The NemoStation team has open-sourced Marlin 2B, a video vision-language model fine-tuned from Qwen3.5-2B. It is specifically designed for two practical development scenarios: ‘what happens in the video’ and ‘when it happens’, offering two distinct invocation modes. In caption mode, users input a video and receive a structured dictionary containing a general scene description along with a list of events marked by precise timestamps in seconds (for instance, «<14.3 – 18.2> A person pushes a door open»). The find mode accepts natural language queries and returns the start and end timestamps of relevant segments within the video. Both modes can be accessed via the standard HF transformers API without any extra wrappers.

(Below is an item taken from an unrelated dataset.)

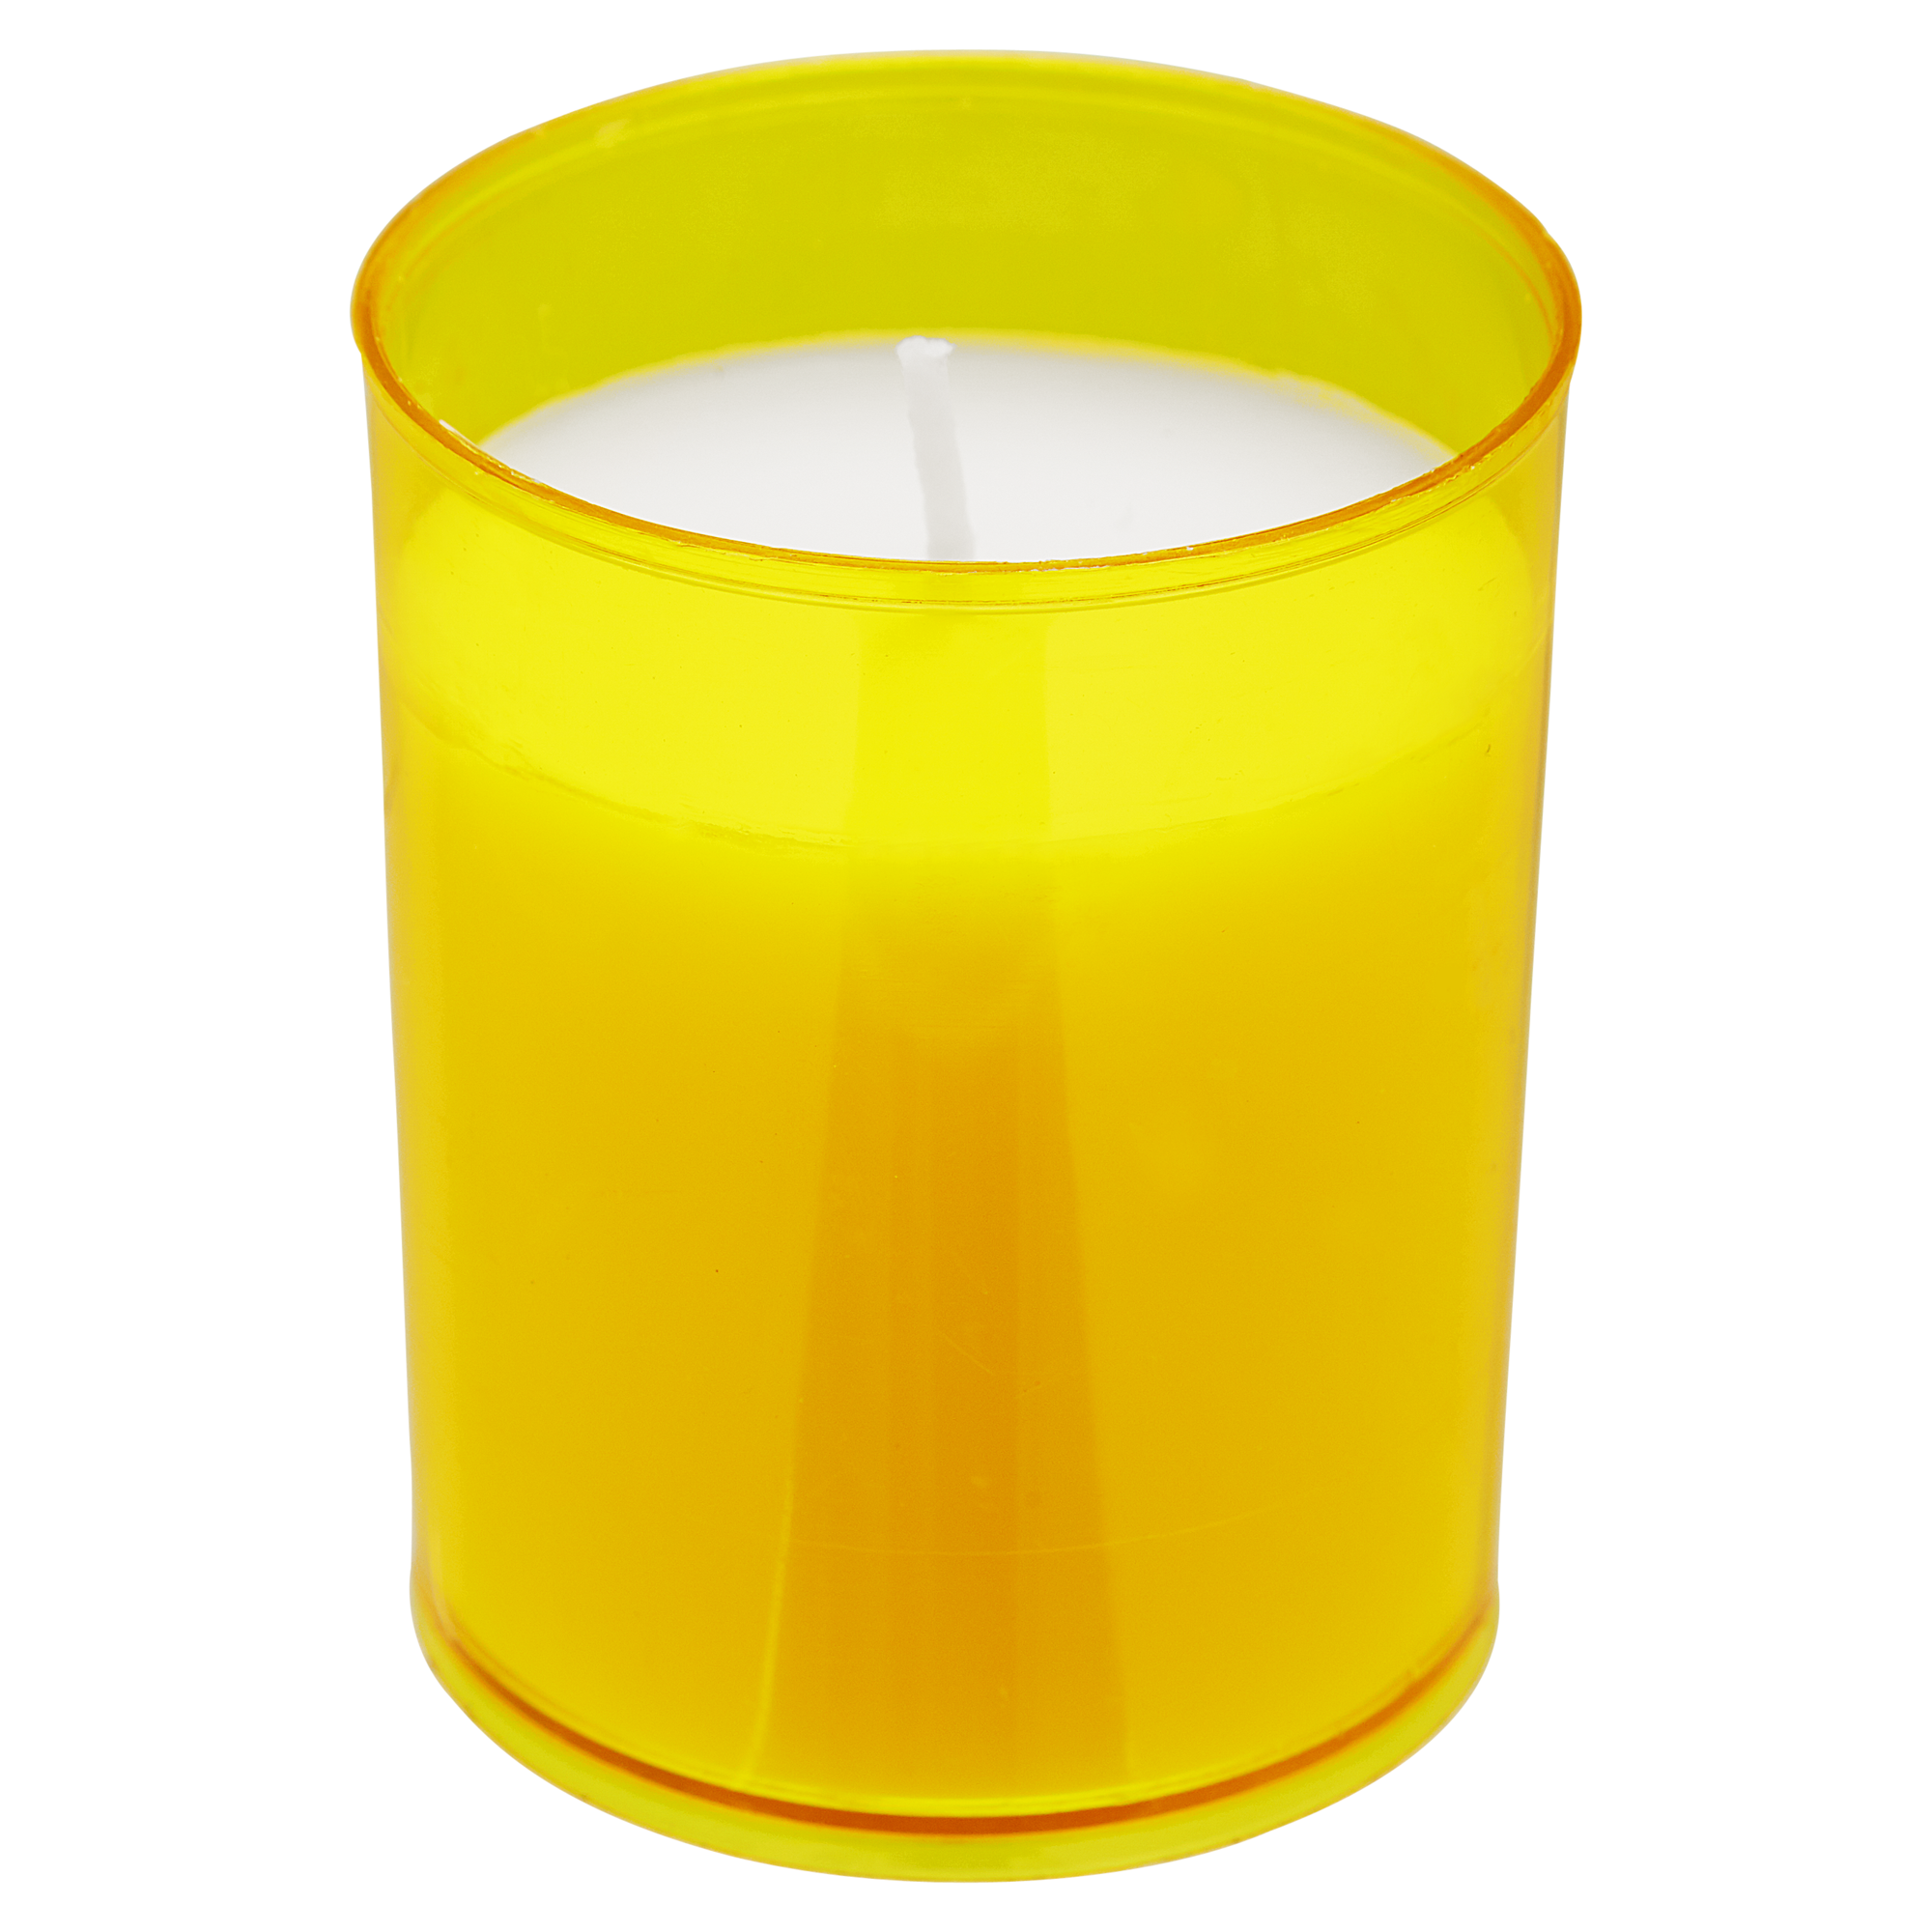 Kerzen für Gartenfackel gelb 11 cm 3 Stück + product picture

In benchmark tests, Marlin 2B ranks first among all 2B-parameter models on CaReBench, a fine-grained captioning benchmark. On TimeLens-Bench, a temporal localization evaluation suite, it outperforms Qwen2.5-VL-7B by +6.4 mIoU and matches Gemini-2.0-Flash in performance. On DREAM-1K, it performs between Tarsier-34B and Gemini-1.5-Pro, making it the strongest open-source video model under the 2B parameter threshold when balancing dense description capabilities with accurate time tracking.
Training followed a two-phase approach: first, supervised fine-tuning (SFT) was performed using roughly 400,000 high-quality video clips re-labeled via Gemini-3-Flash’s reasoning mode and subsequently verified by human reviewers; later, alignment was achieved through SimPO preference optimization. The entire training process was completed on a single H100 GPU. To run Marlin 2B locally, users need transformers version 5.7.0 or newer, torch 2.11.0+, plus torchcodec. It runs smoothly even on consumer-grade GPUs or Mac systems equipped with a 16GB M1 chip, and also integrates seamlessly with inference frameworks like vLLM and Swift. Model weights are distributed free of charge upon request, though commercial usage requires prior authorization from the team per the BSL-1.1 license terms.